Low-dropout regulator (LDO)

Table of Contents

1. Introduction
2. Principle of operation
3. LDO topologies
4. Feedback resistance calculation
5. Output voltage error
6. LDO stability
7. LDO parasitics
   

1. Introduction

Low-dropout regulator (LDO) - is a critical building block that generates a stable voltage (which can be used as a voltage reference or a supply) irrespective of the external conditions (supply voltage variation, noise etc.). An LDO helps in achieving better performance of the internal circuits and usually used together with the bandgap reference to ensure a constant output voltage.

2. Principle of operation

The principle of operation of an LDO can be explained as a voltage-controlled voltage source (VCVS). This VCVS is controlled by two voltages - reference voltage $(V_{ref})$ and feedback voltage $(V_{fb})$ targeting to maintain a constant voltage $(V_{out})$ equal to $V_{ref}$ by supplying sufficient current to the feedback resistance $R_1$ and load resistance $R_L$. The feedback resistance $R_1$ defines a minimum current at no-load condition
which is called quiescent current $(I_q)$. Elaborating further the control stage of an LDO, we can represent it as a subtraction block, producing the error voltage $V_E$ followed by the gain stage, generating the control voltage $V_c$ :

Behavioural model of an LDO

Subtraction and gain can be implemented using operational amplifier and usually called an error amplifier. The voltage controlled current source is represented by the MOS transistor and usually called a pass device:

Basic LDO structure

The difference between the feedback voltage $V_{fb}$ and the reference voltage $V_{ref}$ produces the control voltage $V_c$ which determines current through the pass device, hereby ensuring that enough current is supplied to the load resistance $R_L$ and $V_{out} = V_{ref}$ is maintained. The load capacitance $C_L$ is playing a vital role during load transients (by supplying extra current) and stability, which wil be discussed later.

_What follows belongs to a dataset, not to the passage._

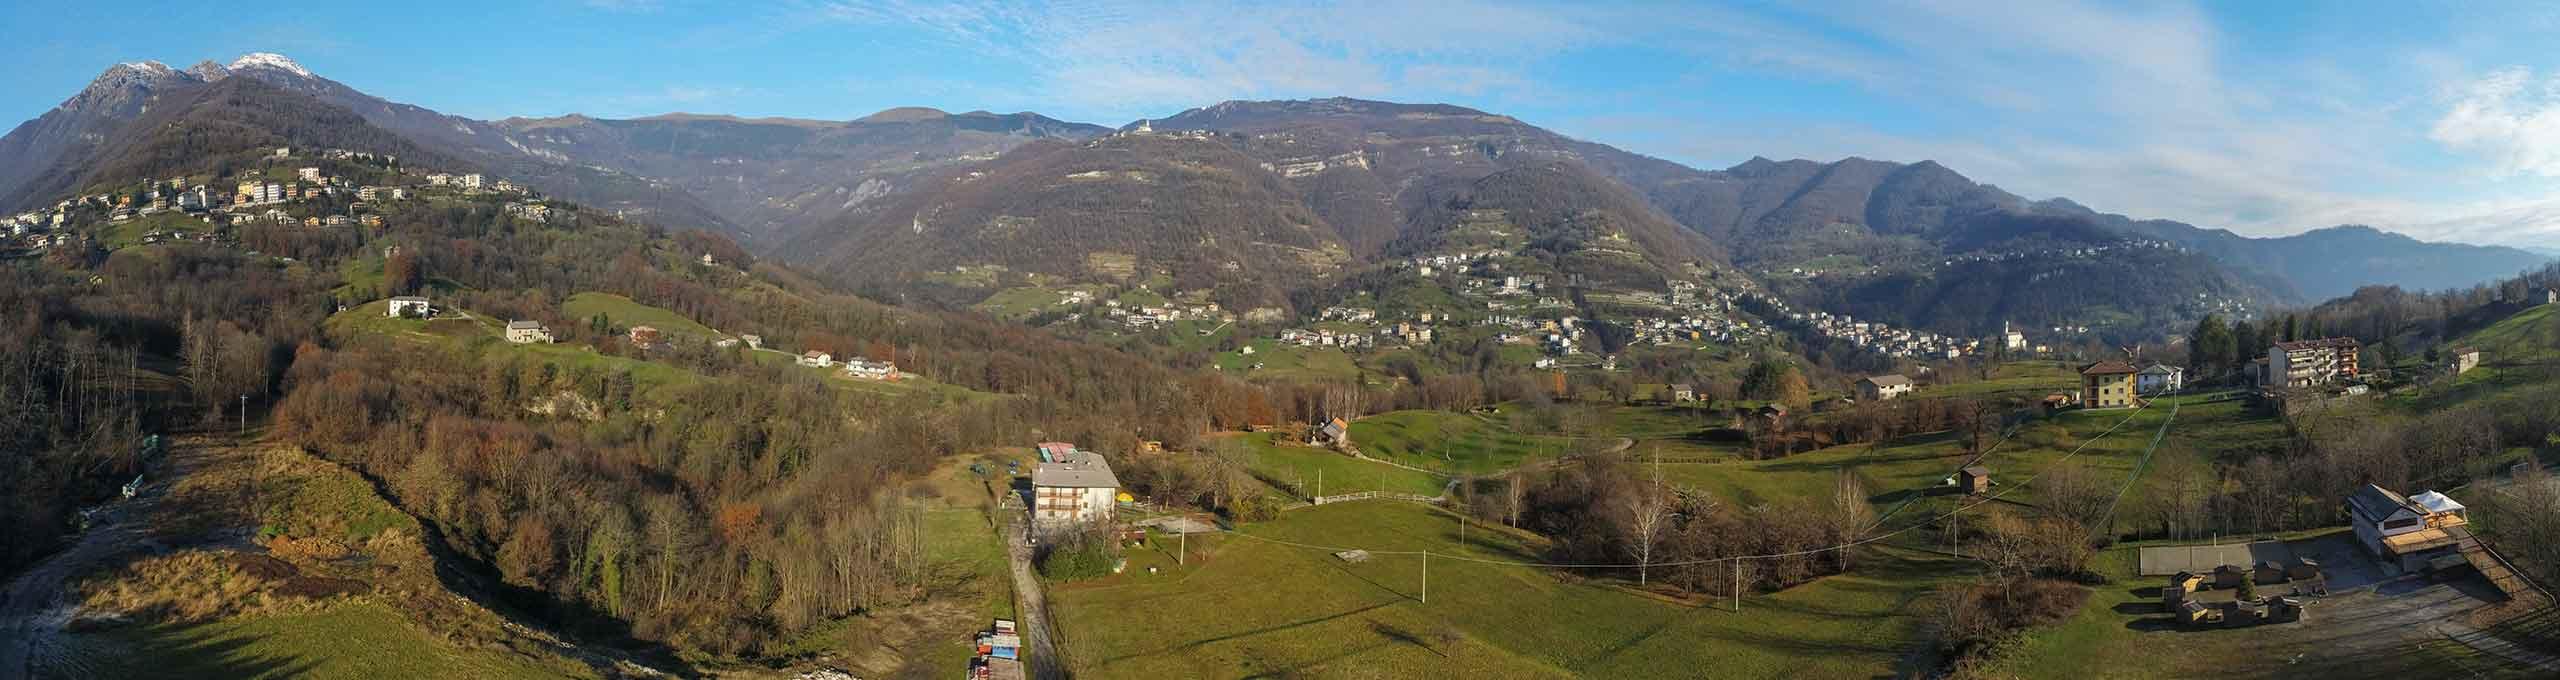 Fuipiano Imagna, Brescia
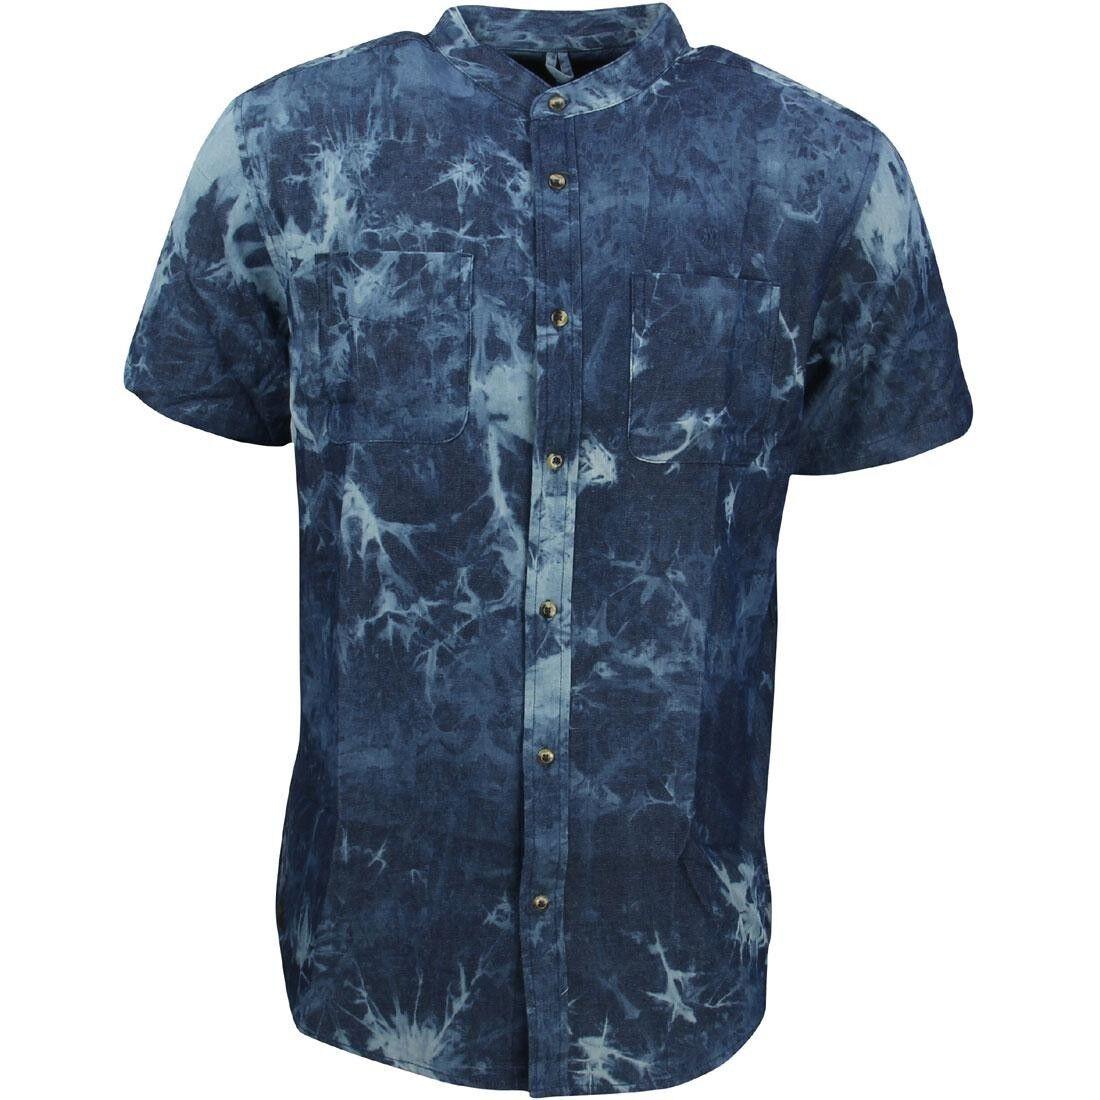 10 Deep Men Tubes Bleach Dye Short Sleeve Shirt bluee dark bleach

2.1 LDO operation at no-load condition

Let's have a look on a practical example of an LDO to understand its operation better. The picture below represents a simple LDO with an NMOS pass device and no load.

Basic LDO operation

Let's assume the following inputs:

• $V_{DD} = 1.8V$
• $V_{ref} = 1.2V$
• $R_1 = 100k\Omega$
• $R_L = 1k\Omega$
• $A_{EA} = 40dB = 10'000$

At the start-up, the output is $V_{out} = V_{fb} = 0V$. The reference voltage is set to $1.2V$, so the output voltage of the amplifier is:

$$V_c = A_{EA} (V_{+} - V_{-}) = 10'000(1.2-0) = 120V \Rightarrow 1.8V$$

Note: The output voltage of the amplifier is clamped at $V_{dd}$ and equals to 1.8V

The $V_{gs}$ of the pass device now equals $1.8V$ and it starts supplying current to the $R_1$. When $V_{out}$ reaches $1.2V$, both inputs of the error amplifier are at the same voltage and the loop is now locked, supplying $I_q = V_{out}/R_1 = 12\mu A$. This current is called a quiescent current, which helps to achieve stability at no-load condition. Quiescent current and operational amplifier defines the idle power consumption of the LDO.

2.2 LDO operation under load

Let's add a load resistor $R_L = 1k\Omega$ to the output and see the response of the LDO:

Basic LDO operation 2

When we added a load resistance, the effective output resistance becomes $(R_1||R_L) \approx 0.99 k\Omega$. Initially, the LDO was supplying only $12\mu A$ of current which leads to a sudden drop of the output voltage:

$$V_{out} = I_{out}(R_1||R_L) = 0.109V$$

This changes is seen at the feedback voltage and produces a voltage difference at the input of the error amplifier:

$$\Delta V = V_{ref} - V_{fb} = 1.2 - 0.109 = 1.091V$$

The control voltage ramps-up, increasing the $V_{gs}$ of the pass device and the output current increases. As the output current increases, the output voltage increases too and settles when $V_{out}=V_{fb}$. At the steady state, $V_{out} = 1.2V$, $I_{out} = I_q + I_L = 12.012 mA$.

3. LDO topologies

In the previous chapters we had LDO operation and stability covered, and now we can cover different LDO topologies. LDOs have a variety of topologies and oriented for use with analog or digital circuits. There are two main LDO topologies: NMOS- and PMOS- based.

By architecture:

• With an off-chip load capacitor
• Capacitor-less

By Pass device type:

• NMOS-based
• PMOS-based

LDO topologies

A bandgap voltage reference provides a stable reference signal for the regulator. An error amplifier (EA), typically implemented as an OTA (Operational Transconductance Amplifier), detects differences between the feedback voltage and the reference voltage, adjusting the pass-element resistance accordingly. A feedback resistor network divides the output voltage for comparison with the reference voltage ($V_{ref}$). The pass device (usually a MOSFET) regulates resistance between the input and output voltages to maintain stability. In practical applications, the pass device is commonly a PMOS transistor. Next, we’ll compare the use of PMOS vs. NMOS topologies:

PMOS LDOs is the most commonly used topology due to their low dropout voltage, while NMOS pass transistors are practical when the supply voltage is significantly higher than the regulated output. In an NMOS configuration, the pass transistor acts as a common drain (source follower) with positive gain, whereas the PMOS operates as a common source with negative feedback. This difference requires the op-amp polarity to be adapted accordingly.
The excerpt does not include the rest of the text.